Dataset section
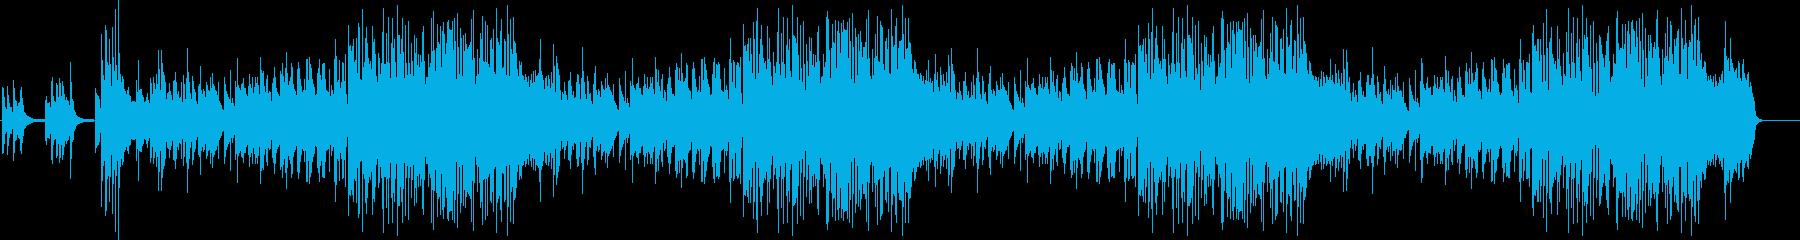 VTRやスライド、なれそめトークのBGMの再生済みの波形
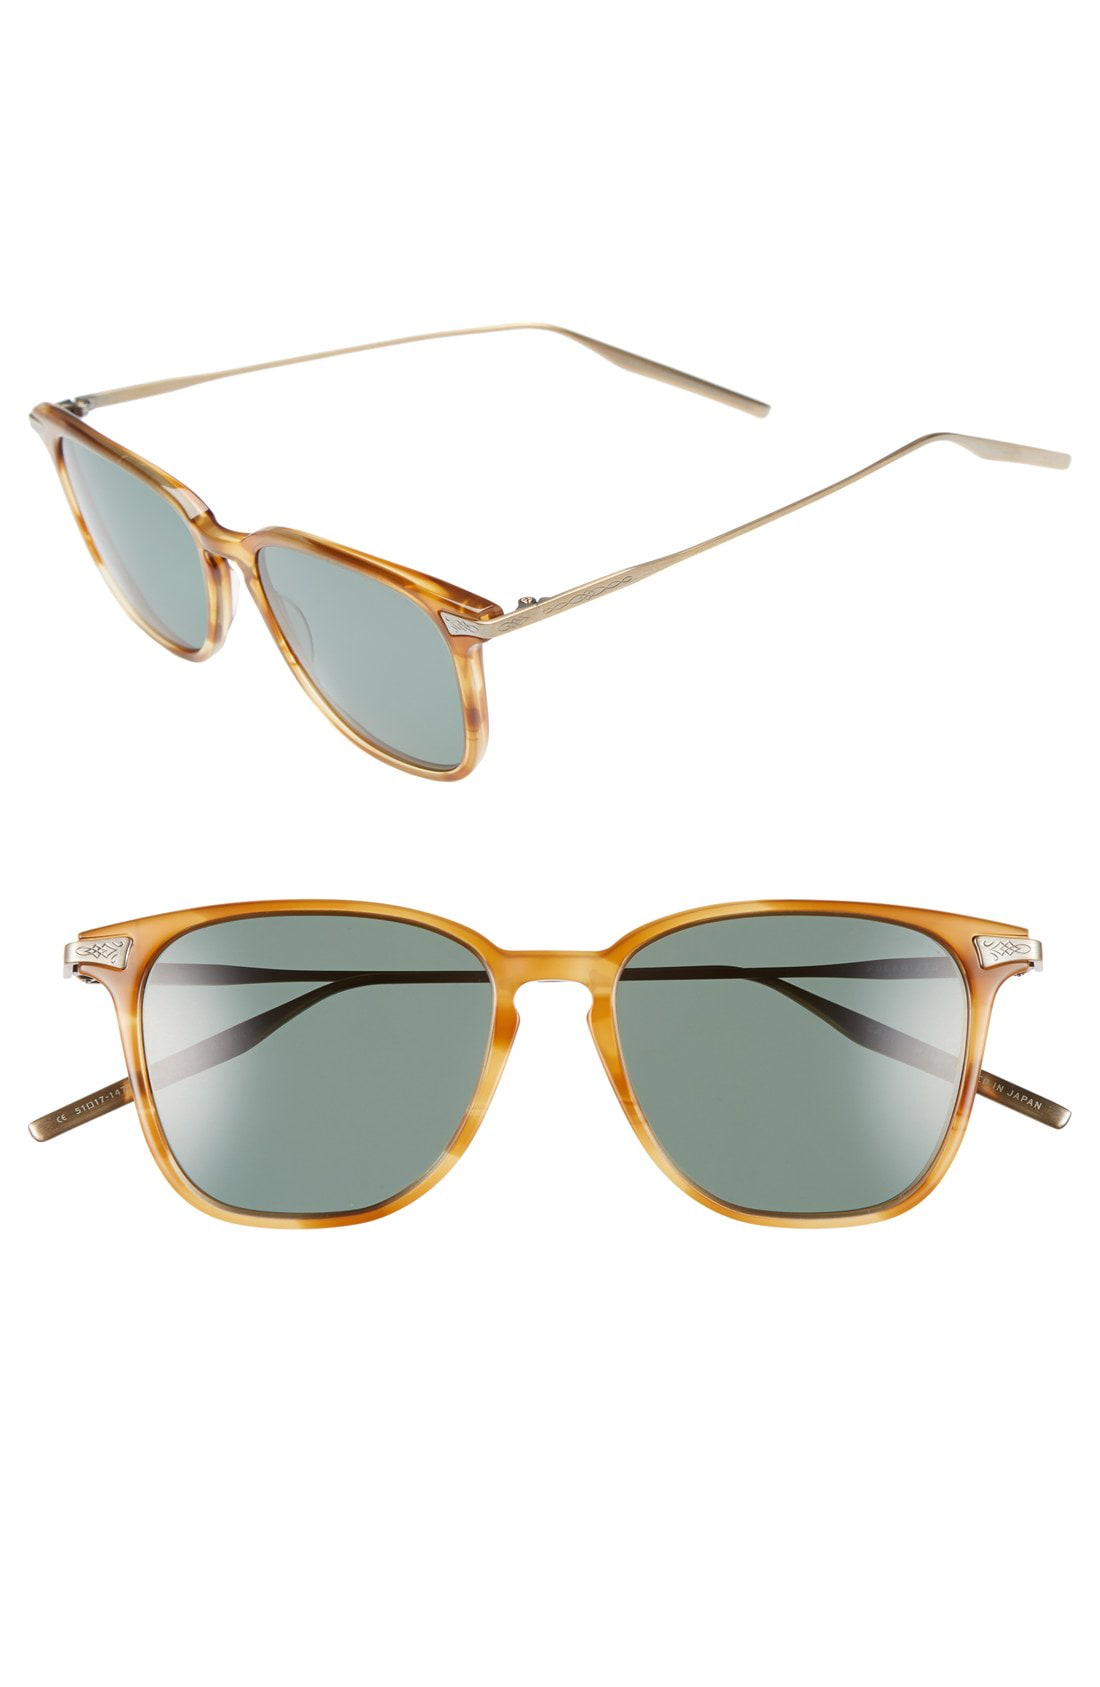 0f9e2226802d4 Salt. Ridgeway 51Mm Polarized Sunglasses - Sienna  Grey
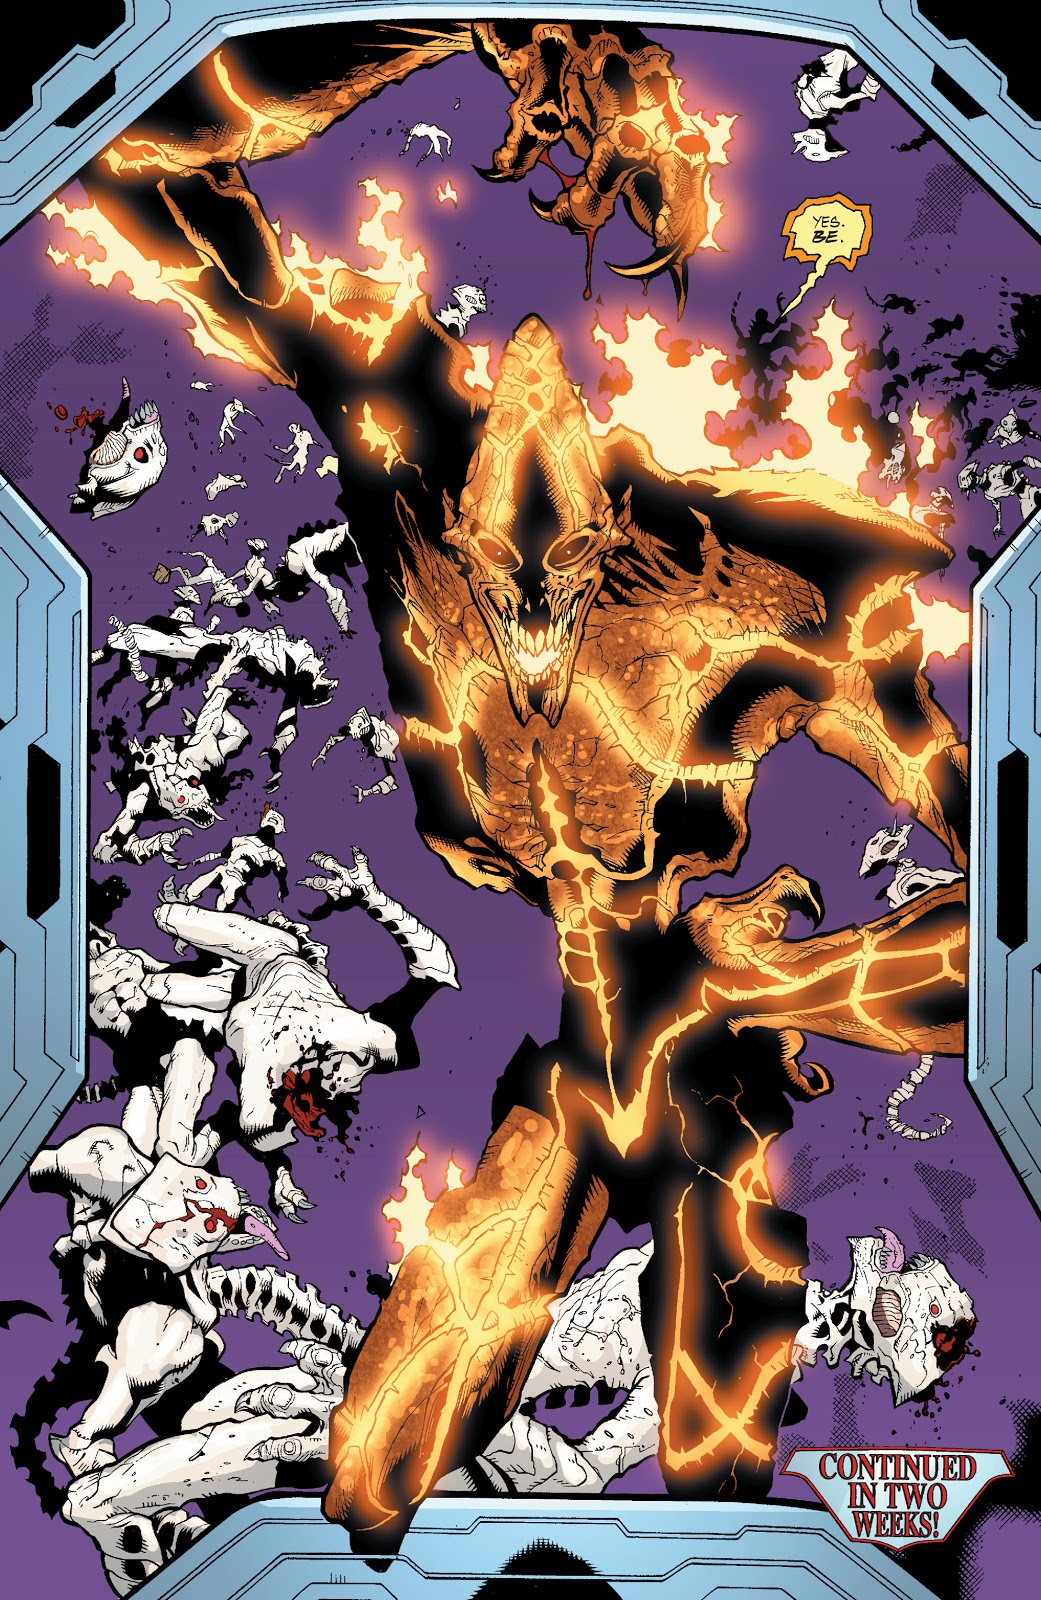 In 'JLA' (2003) #86, Fernus kills several hundreds White Martians in the Phantom Zone in the Fortress of Solitude.
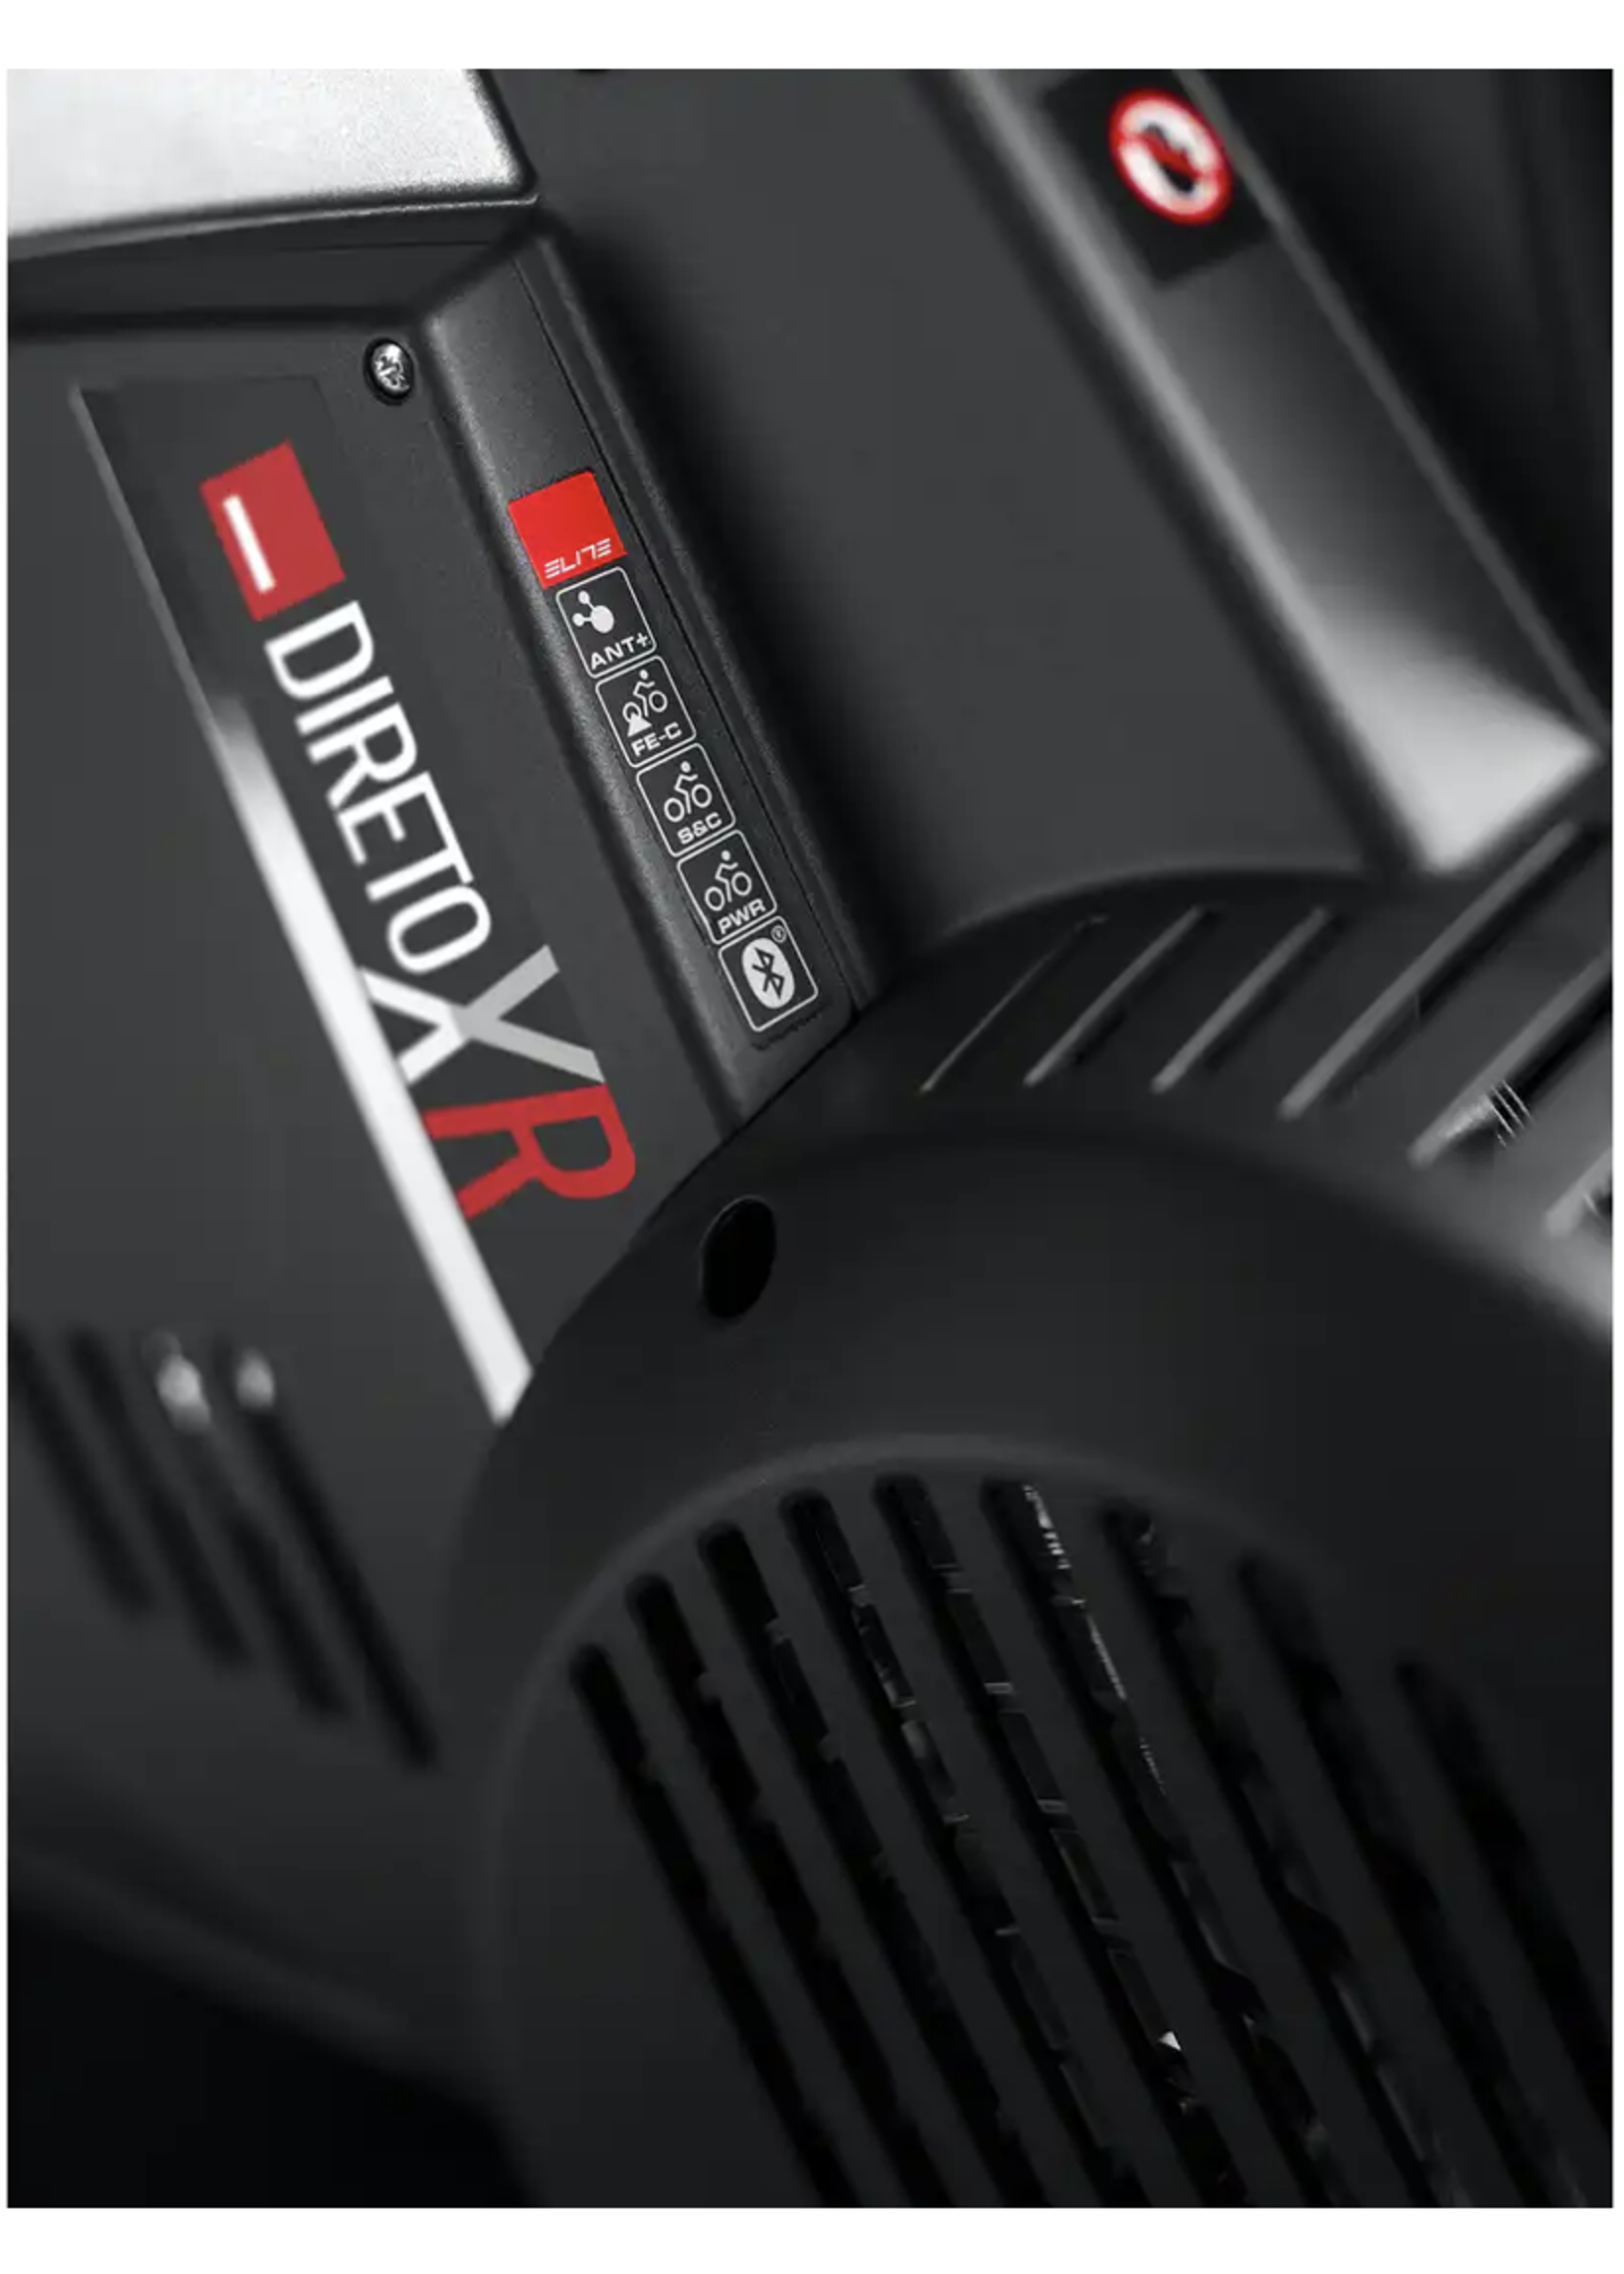 ELITE Direto XR Direct Drive Interactive Trainer

Work required
Set the listing down in full and exactly. Pictures within it should not appear in the copy.

Reply to the task
 VTRやスライド、なれそめトークのBGMの再生済みの波形
 0f9e2226802d4 Salt. Ridgeway 51Mm Polarized Sunglasses - Sienna  Grey
 In 'JLA' (2003) #86, Fernus kills several hundreds White Martians in the Phantom Zone in the Fortress of Solitude.
 ELITE Direto XR Direct Drive Interactive Trainer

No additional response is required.